Quant à sa grandeur, elle est résolument passée ! Damas n'est plus que l'ombre d'elle-même à l'image de tous ses admirables monuments, palais, écoles et mosquées, que recouvre une épaisse couche de poussière et de pollution. Aujourd'hui, Damas est riche de ses habitants. Pour le reste, Damas est grise. Seule la miyiade de taxis jaunes roulant à vide lui donnent des couleurs... tout en la souillant toujours plus. Vraiment, à l'image de la Syrie, Damas est passionnante, Damas est pathétique.
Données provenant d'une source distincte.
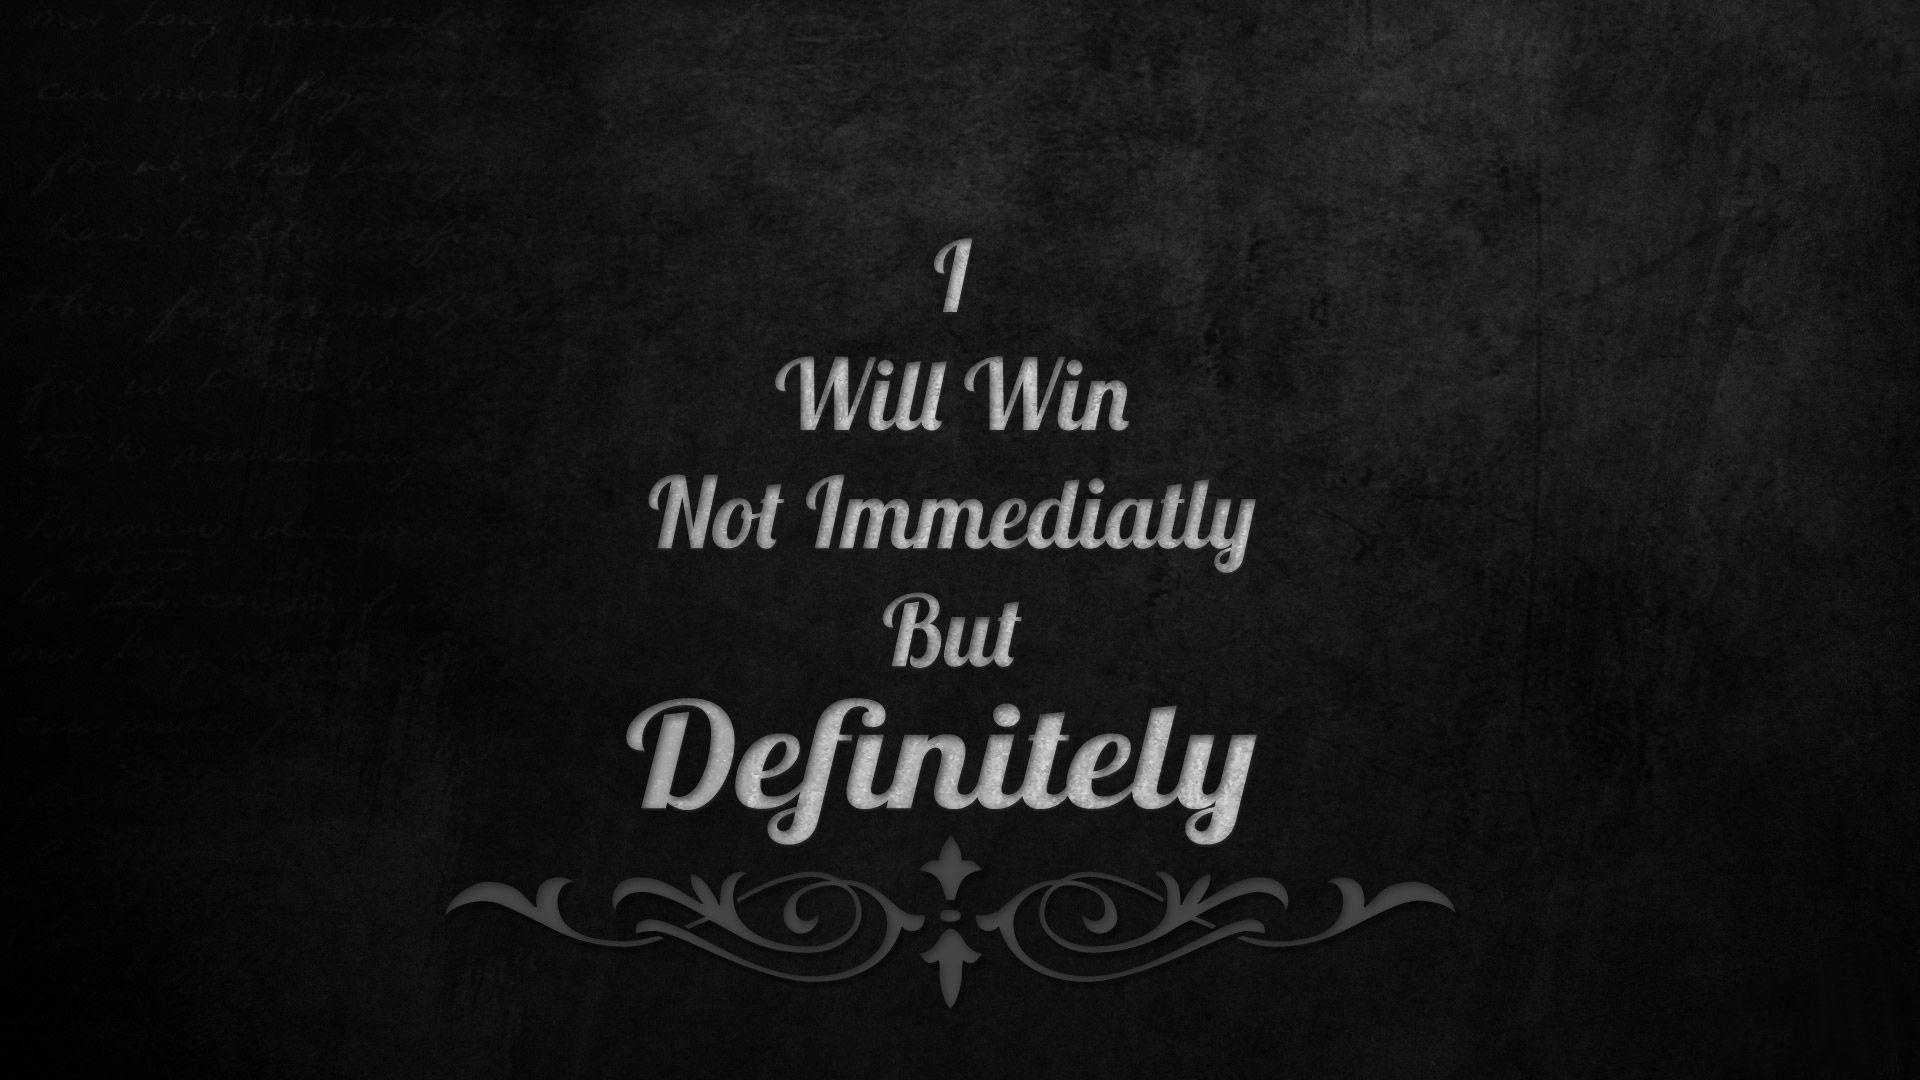 Inspirational Quotes Wallpaper Hd Free Download - HD Wallpaper

Photo bonus pour Gilles D.

A Damas, nous n'avons pas vu de Mr. B. mais le souk des quincaillers est vraiment pas mal fourni !   


Bosra

Le théâtre antique de Bosra est un des mieux préservé du monde. Aux alentours se trouvent des ruines antiques dans lesquelles habitent les familles les plus démunies de la ville. Celle-ci s'étire maintenant plus au nord-ouest. Visite pathétique pour l'étranger comme pour les locaux...



Cora prend le soleil au sommet du théâtre...



Ma'aloula l'araméenne

À environ 60 kilomètres au Nord de Damas, un petit village accroché à la montagne est connu pour être l'un des seuls endroits au monde où l'on parle encore l'araméen, la langue de Jésus. À Ma'aloula, nous avons compté 6 églises et 2 monastères et seulement 2 mosquées. En haut du village, l'église du monastère Saint-Serge et Saint-Bacchus est simple mais belle, c'est l'une des plus ancienne de la chrétienté. On peut encore y voir deux autels dont la forme taillée dans la pierre rappelle les autels sacrificiels païens. Cette forme de réminiscence des coutumes antérieures au christianisme a été définitivement interdite au concile de Nicée ( cfr. Iznik) en 325.

Un ophtalmologue comme "président"

En Syrie, on trouve des portraits du président Bachar el-Assad partout : dans les rues, les commerces, sur les voitures, etc... Il est parfois en costume cravate comme ici sur la photo, ou parfois en tenue militaire. Le portrait de son père Hafez el-Assad, le lion de Damas ("Assad" veut dire "lion" en Arabe) décédé en 2000 est encore bien présent lui aussi. 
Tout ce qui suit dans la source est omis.